Dataset entries
******

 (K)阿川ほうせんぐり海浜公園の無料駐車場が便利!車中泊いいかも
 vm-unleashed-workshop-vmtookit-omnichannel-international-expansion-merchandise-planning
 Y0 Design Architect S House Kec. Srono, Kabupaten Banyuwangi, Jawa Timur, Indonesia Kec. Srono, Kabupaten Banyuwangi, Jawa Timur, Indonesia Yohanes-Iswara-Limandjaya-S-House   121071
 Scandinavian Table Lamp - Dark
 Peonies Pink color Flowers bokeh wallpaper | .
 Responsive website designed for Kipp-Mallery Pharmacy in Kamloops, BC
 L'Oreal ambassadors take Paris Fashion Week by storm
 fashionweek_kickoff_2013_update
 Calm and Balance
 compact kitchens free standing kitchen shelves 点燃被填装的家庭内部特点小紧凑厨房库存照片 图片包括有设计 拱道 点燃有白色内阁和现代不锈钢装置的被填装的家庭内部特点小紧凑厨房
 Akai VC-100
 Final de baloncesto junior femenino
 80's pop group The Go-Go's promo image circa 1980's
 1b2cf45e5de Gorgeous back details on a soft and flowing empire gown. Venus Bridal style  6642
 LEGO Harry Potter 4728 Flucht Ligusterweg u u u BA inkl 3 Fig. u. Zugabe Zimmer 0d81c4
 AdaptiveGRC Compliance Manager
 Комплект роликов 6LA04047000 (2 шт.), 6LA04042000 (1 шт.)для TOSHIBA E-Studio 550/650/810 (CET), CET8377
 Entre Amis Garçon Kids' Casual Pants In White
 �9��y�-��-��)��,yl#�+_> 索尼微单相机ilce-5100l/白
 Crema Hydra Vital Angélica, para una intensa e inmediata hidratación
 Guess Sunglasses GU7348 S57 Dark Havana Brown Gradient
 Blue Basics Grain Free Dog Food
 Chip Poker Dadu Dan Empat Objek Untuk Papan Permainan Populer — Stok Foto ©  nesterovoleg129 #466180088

******

WHAT NEEDS TO BE DONE: The entries above are to be restated word for word.

EXERCISE RESPONSE:
 (K)阿川ほうせんぐり海浜公園の無料駐車場が便利!車中泊いいかも
 vm-unleashed-workshop-vmtookit-omnichannel-international-expansion-merchandise-planning
 Y0 Design Architect S House Kec. Srono, Kabupaten Banyuwangi, Jawa Timur, Indonesia Kec. Srono, Kabupaten Banyuwangi, Jawa Timur, Indonesia Yohanes-Iswara-Limandjaya-S-House   121071
 Scandinavian Table Lamp - Dark
 Peonies Pink color Flowers bokeh wallpaper | .
 Responsive website designed for Kipp-Mallery Pharmacy in Kamloops, BC
 L'Oreal ambassadors take Paris Fashion Week by storm
 fashionweek_kickoff_2013_update
 Calm and Balance
 compact kitchens free standing kitchen shelves 点燃被填装的家庭内部特点小紧凑厨房库存照片 图片包括有设计 拱道 点燃有白色内阁和现代不锈钢装置的被填装的家庭内部特点小紧凑厨房
 Akai VC-100
 Final de baloncesto junior femenino
 80's pop group The Go-Go's promo image circa 1980's
 1b2cf45e5de Gorgeous back details on a soft and flowing empire gown. Venus Bridal style  6642
 LEGO Harry Potter 4728 Flucht Ligusterweg u u u BA inkl 3 Fig. u. Zugabe Zimmer 0d81c4
 AdaptiveGRC Compliance Manager
 Комплект роликов 6LA04047000 (2 шт.), 6LA04042000 (1 шт.)для TOSHIBA E-Studio 550/650/810 (CET), CET8377
 Entre Amis Garçon Kids' Casual Pants In White
 �9��y�-��-��)��,yl#�+_> 索尼微单相机ilce-5100l/白
 Crema Hydra Vital Angélica, para una intensa e inmediata hidratación
 Guess Sunglasses GU7348 S57 Dark Havana Brown Gradient
 Blue Basics Grain Free Dog Food
 Chip Poker Dadu Dan Empat Objek Untuk Papan Permainan Populer — Stok Foto ©  nesterovoleg129 #466180088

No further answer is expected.